Los arqueólogos han podido constatar que muchos hogares griegos y romanos poseían esculturas del rostro de Epicuro, algunas de ellas de pequeño tamaño. Es cierto que los antiguos amaban atesorar imágenes de los sabios, pero aquí nos encontramos ante un caso verdaderamente especial, pues se han hallado estatuillas del filósofo de Samos incluso en los hogares de gente común y sin intereses intelectuales. La explicación a este fenómeno es de gran relevancia filosófica: se creía que la contemplación del rostro de Epicuro tenía la virtud de serenar el espíritu, pero no por magia, sino por la fuerza del ejemplo del Salvador (la elección de este apodo para referirse a un filósofo demuestra hasta qué punto la búsqueda de un sentido filosófico tenía ya un sentido religioso). Epicuro comparaba su filosofía con la medicina: quería convertirse en el terapeuta del espíritu, el médico del alma que alivia los sufrimientos crónicos (la angustia vital) o el cirujano de las pasiones que trata de extirpar los males (los deseos, las insatisfacciones). La filosofía es la medicina más indicada para las tres patologías psíquicas más frecuentes: el temor a los dioses, el pensamiento de la muerte y el dolor físico. En la búsqueda de un sano y moderado placer de vivir, ofrece un remedio universal, un bien a disposición de todos. De hecho, la escuela de Epicuro debía ser muy parecida a una moderna casa de reposo: un sencillo y tranquilo jardín en los suburbios de Atenas, lejos del fragor de la ciudad y de la política. Allí el filósofo acogía a todos sin distinción: mujeres, esclavos, incluso prostitutas arrepentidas; curaba el cuerpo con los remedios clínicos más adecuados, y el espíritu con la fuerza del ejemplo. Él mismo, gravemente enfermo y presa de grandes sufrimientos, escribió una última carta a cierto amigo proclamando en ella que la vida es dulce, feliz y siempre digna de ser vivida.

De Epicuro nos han llegado: tres Cartas, cuarenta Máximas, el Testamento, la Carta a Herodoto, sobre física; la Carta a Pitocles, sobre los fenómenos celestes; la Carta a Meneceo, sobre ética.


45 El placer es la finalidad de una vida bienaventurada.

EL PROBLEMA: ¿Cuál es la mejor manera de regular la propia vida? ¿En qué consiste la felicidad? ¿Es bueno tener muchos deseos?
LA TESIS: El placer y la felicidad son, sin duda, los criterios que guían al ser humano.
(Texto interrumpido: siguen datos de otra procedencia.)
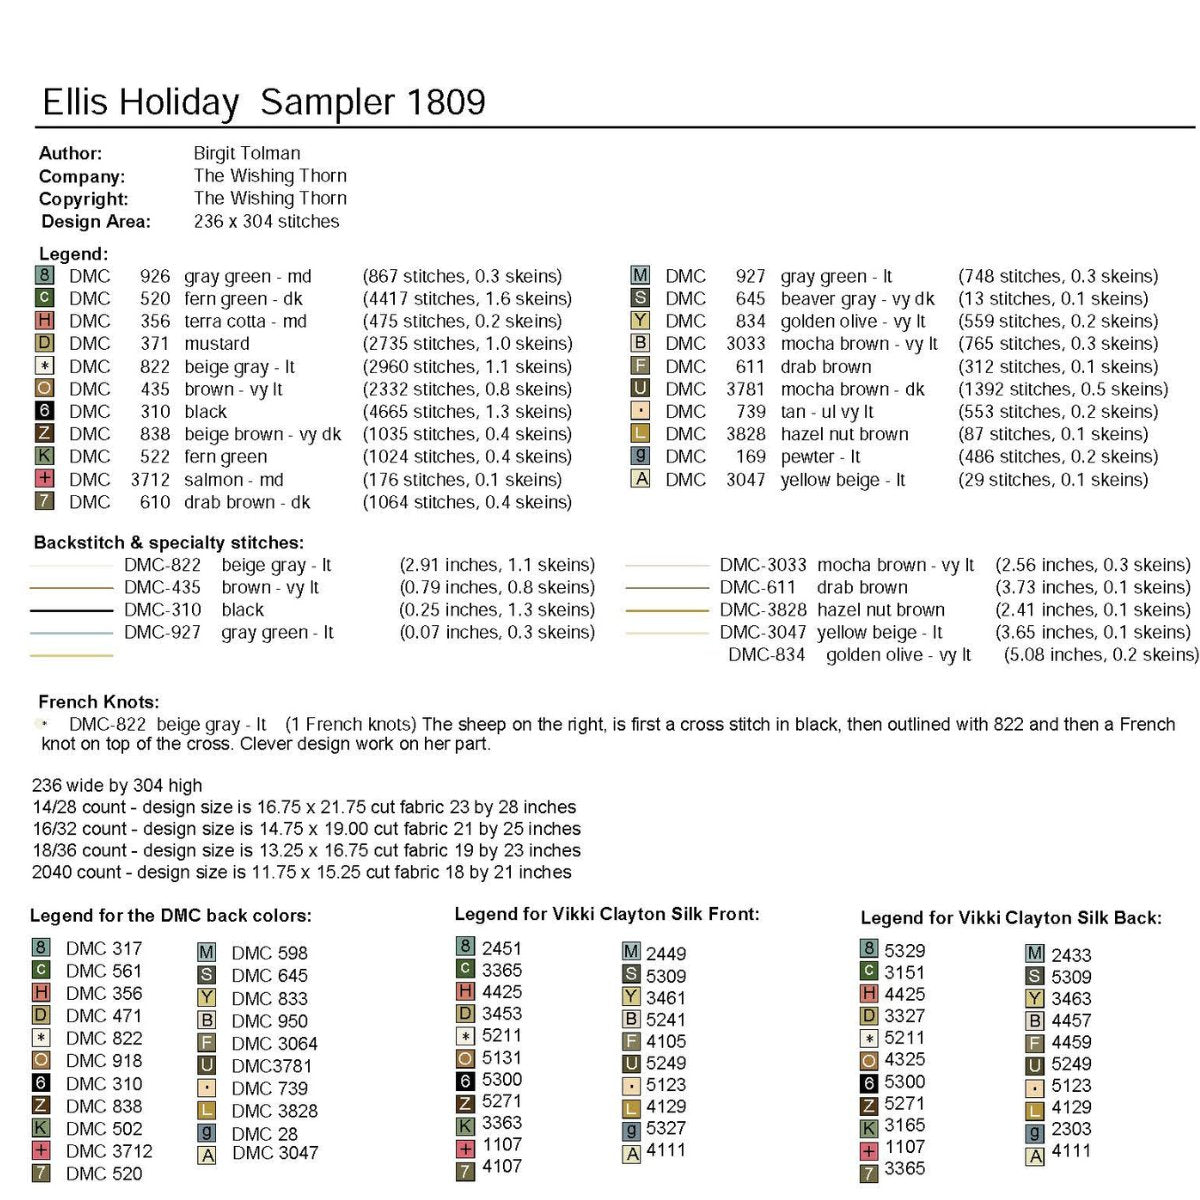 Ellis Holiday 1809 Sampler Paper Chart

El problema radica en establecer cuál es el verdadero placer. Es decir, cómo optimizar el bienestar personal teniendo en cuenta que a un gozo inmediato corresponde a menudo un dolor futuro. Según Epicuro, la solución más sabia está en calcular; es decir, en someter la búsqueda de la felicidad al juicio de la razón. Para ello es necesario eliminar los miedos inútiles (el miedo a la muerte, al dolor) y moderar las necesidades, de manera que su goce no se torne en lo contrario. Y, sobre todo, es preciso cultivar la tranquilidad de ánimo, la serenidad. (De la Carta a Meneceo).

Platón consideraba demasiado arriesgado que los adolescentes se acercaran a la filosofía, pero para Epicuro, cualquier edad es adecuada.

  • Epicuro a Meneceo, salud.
Ni se muestre remiso el joven a filosofar ni se canse el anciano de hacerlo. Porque para cuidar de la salud del alma, nunca se es ni demasiado joven ni demasiado anciano. Quien afirma que aún no le ha llegado la hora o que ya le pasó la edad de hacerlo, es como si dijera que aún no tiene la edad de ser feliz, o que ya la ha pasado. Así pues, es necesario filosofar cuando se es joven y cuando se es viejo. En el segundo caso para rejuvenecerse con el recuerdo de los gratos bienes pasados; y en el primer caso, para ser, pese a la juventud, tan intrépido ante el porvenir como un anciano.

La felicidad es el principal problema del individuo.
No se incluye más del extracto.